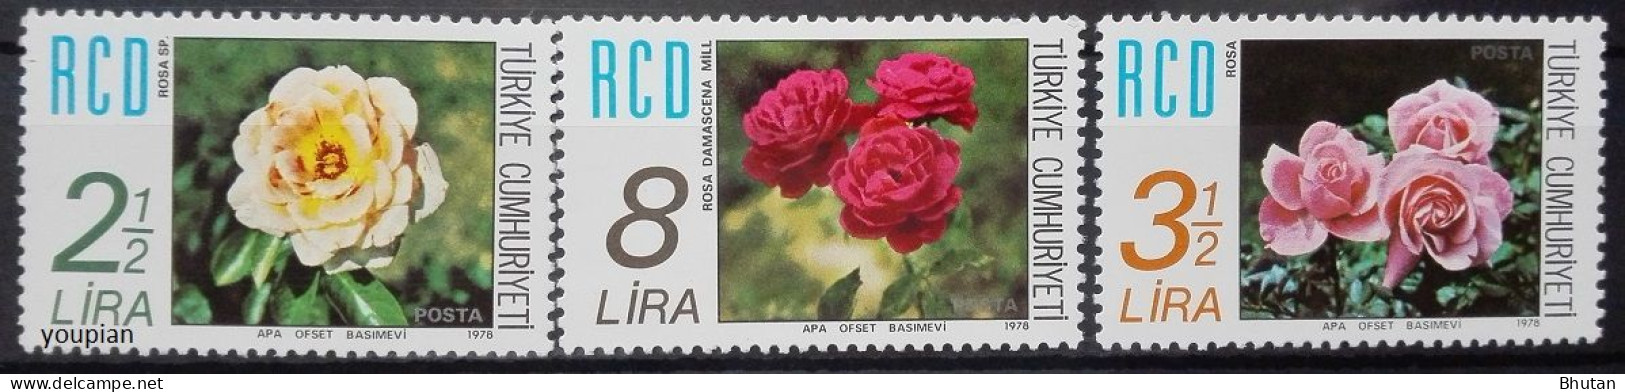 Türkiye 1978, RCD - Rose From Türkiye, Iran And Pakistan, MNH Stamps Set - Unused Stamps
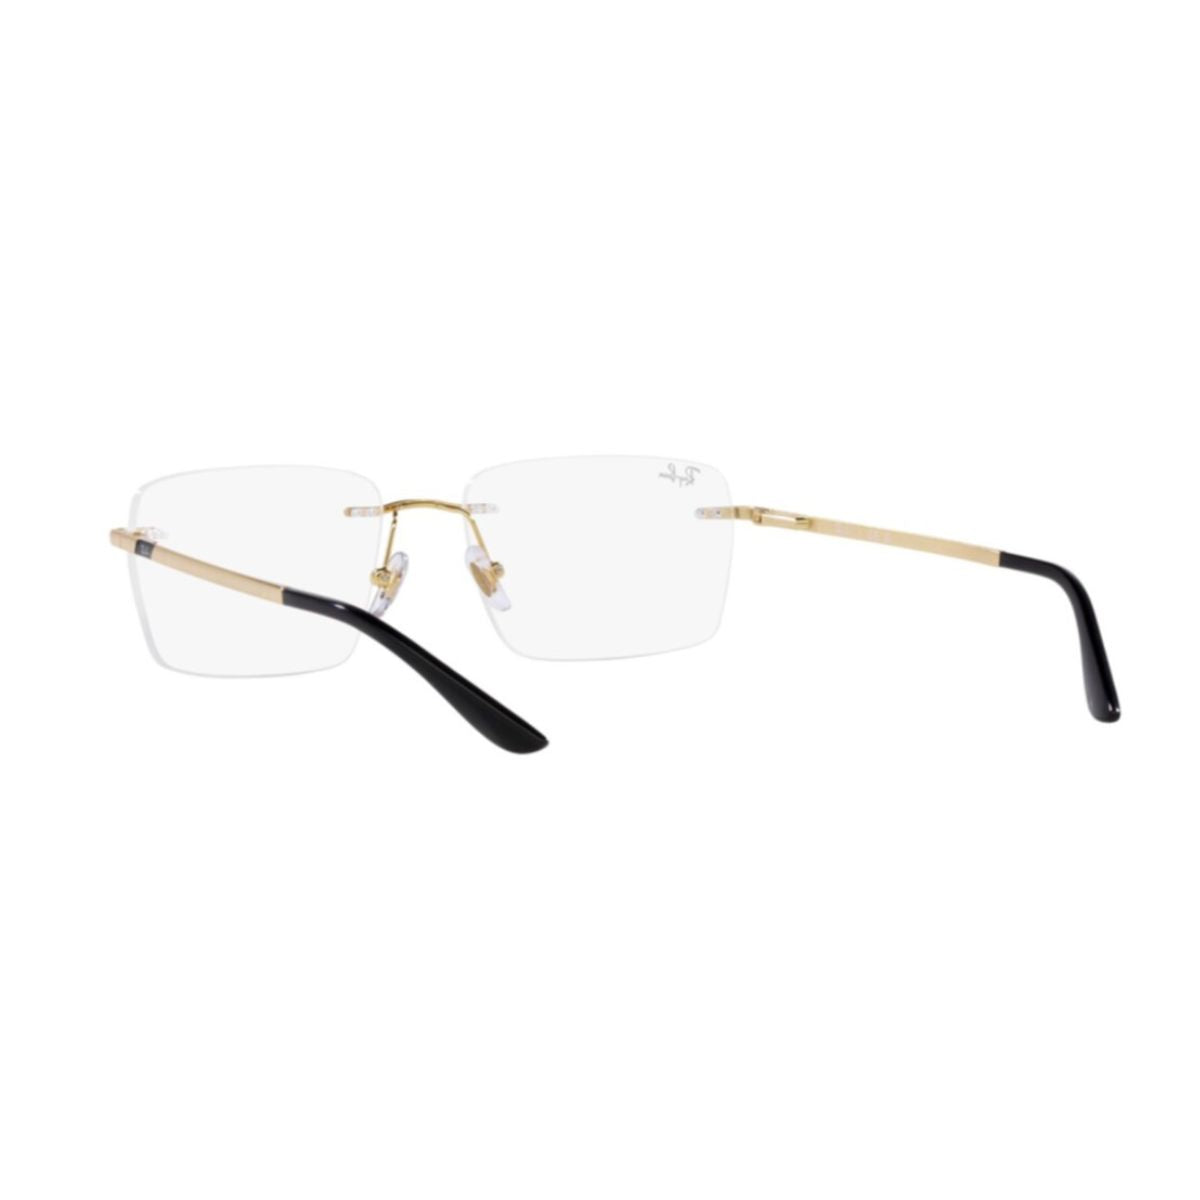 "Rayban 6506I 2500 eye glasses frame for men and women at optorium"
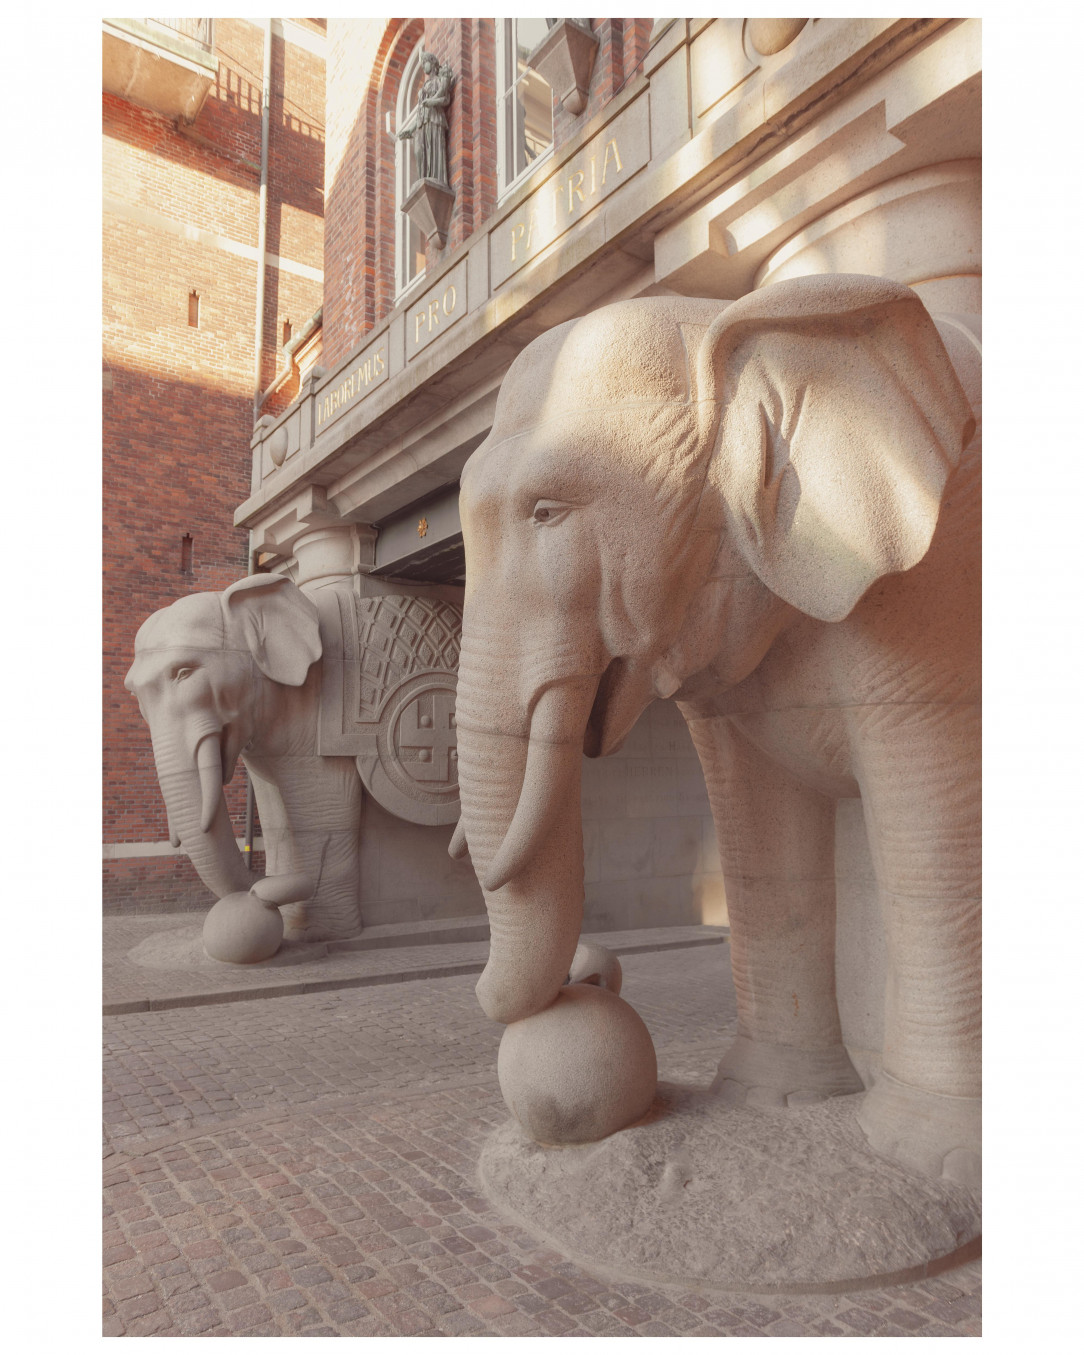 Some elephants in Copenhagen
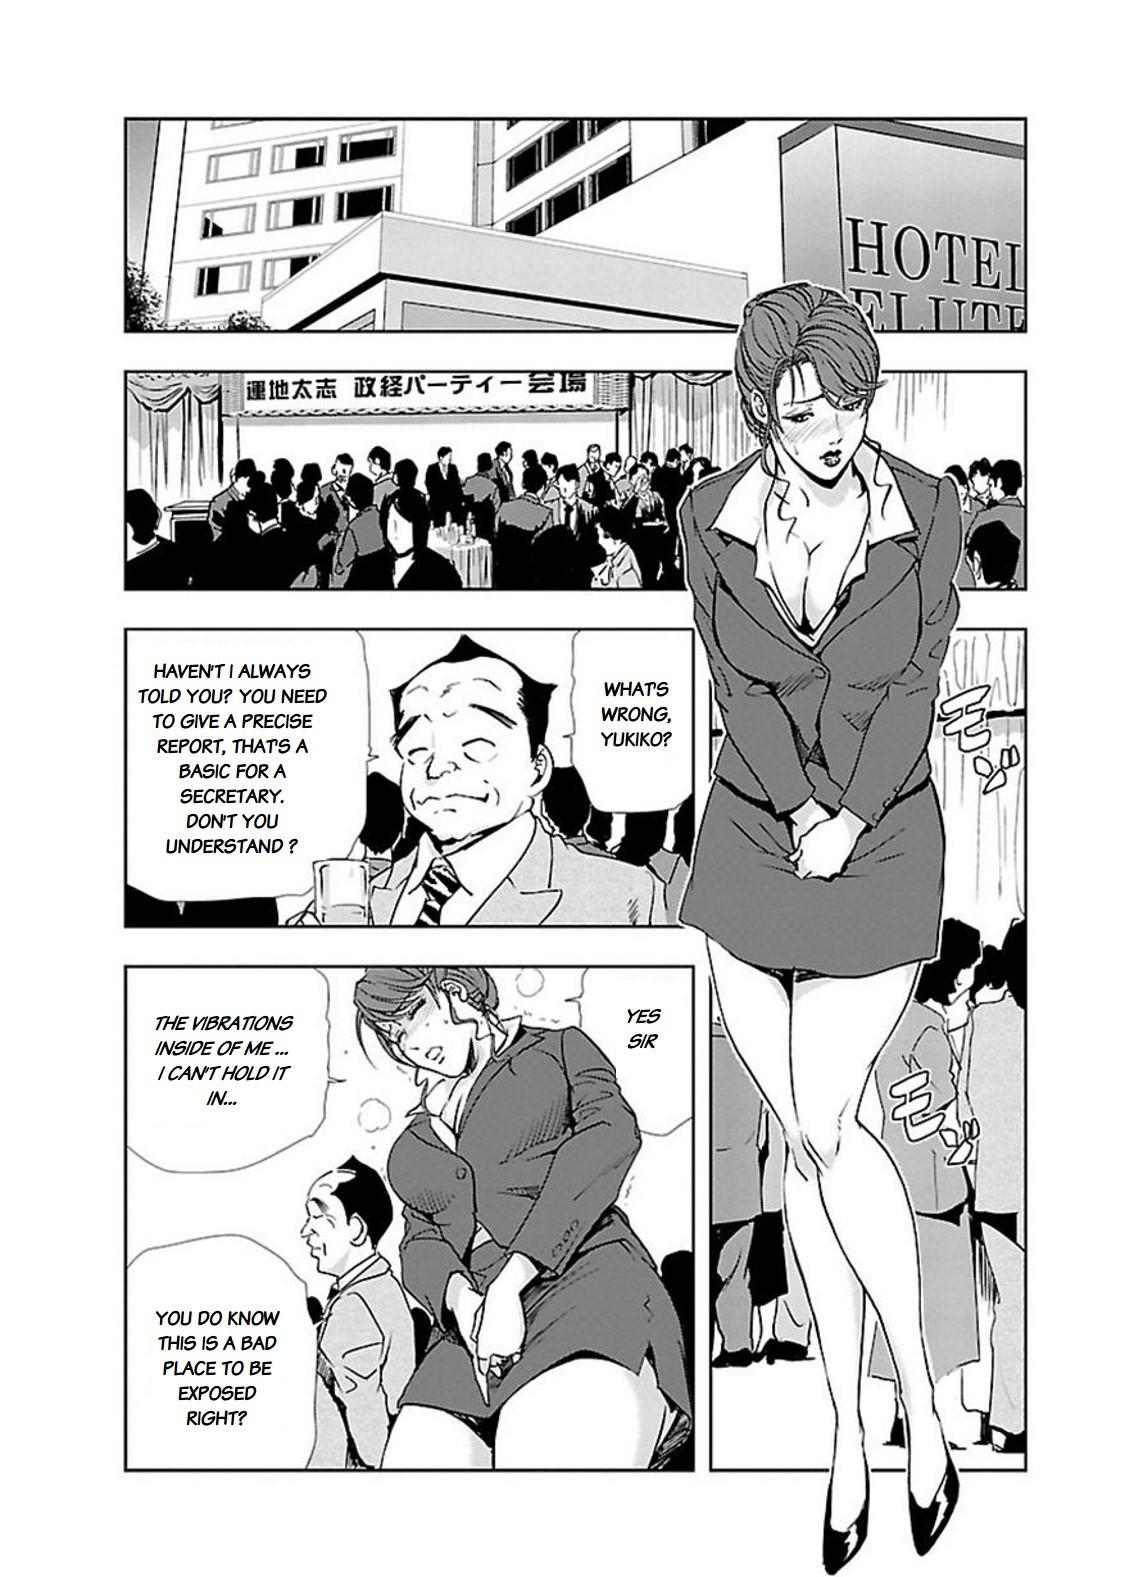 Short Nikuhisyo Yukiko chapter 12  - Page 2
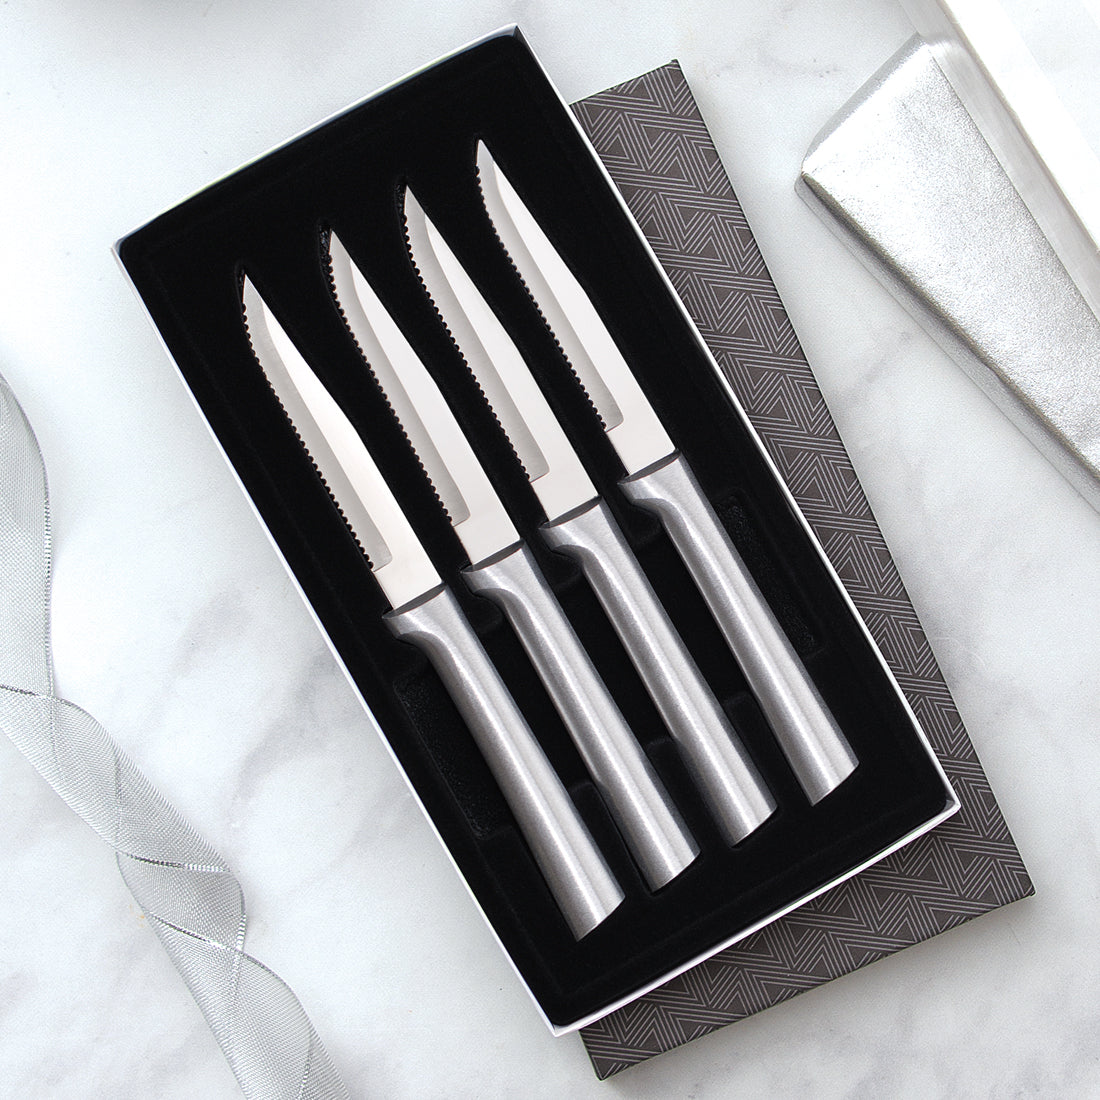 Kitchen Knives Gift Set - 4 Serrated Steak Knives 5' Set in Wooden Box –  Steakman
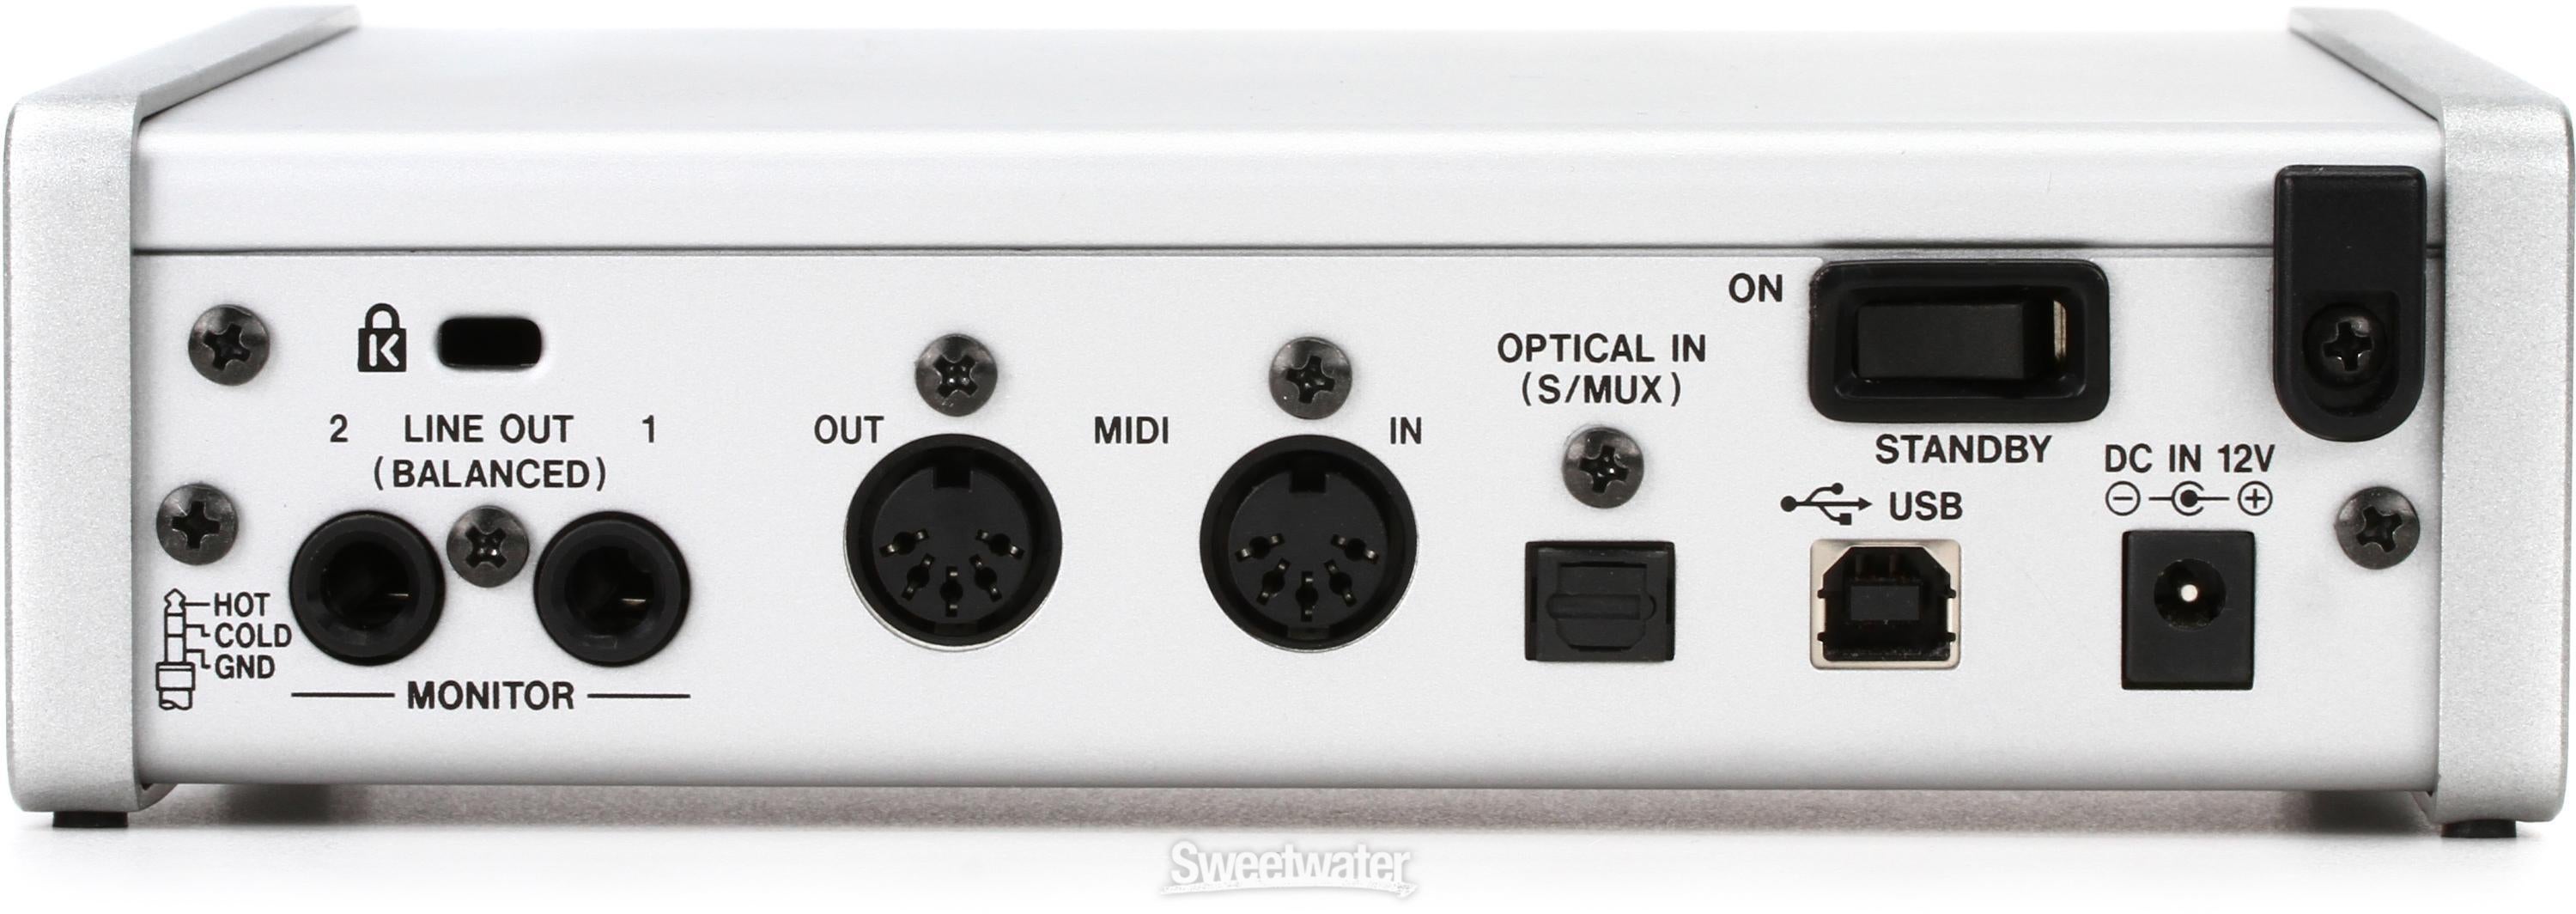 TASCAM Series 102i USB Audio & MIDI Interface | Sweetwater

**TO DO:** For each record, return its text exactly and leave any picture out.

**WRITTEN RESPONSE:**
 Türkiye 1978, RCD - Rose From Türkiye, Iran And Pakistan, MNH Stamps Set - Unused Stamps
 "Rayban 6506I 2500 eye glasses frame for men and women at optorium"
 Some elephants in Copenhagen
 Short Nikuhisyo Yukiko chapter 12  - Page 2
 Kitchen Knives Gift Set - 4 Serrated Steak Knives 5' Set in Wooden Box –  Steakman
 TASCAM Series 102i USB Audio & MIDI Interface | Sweetwater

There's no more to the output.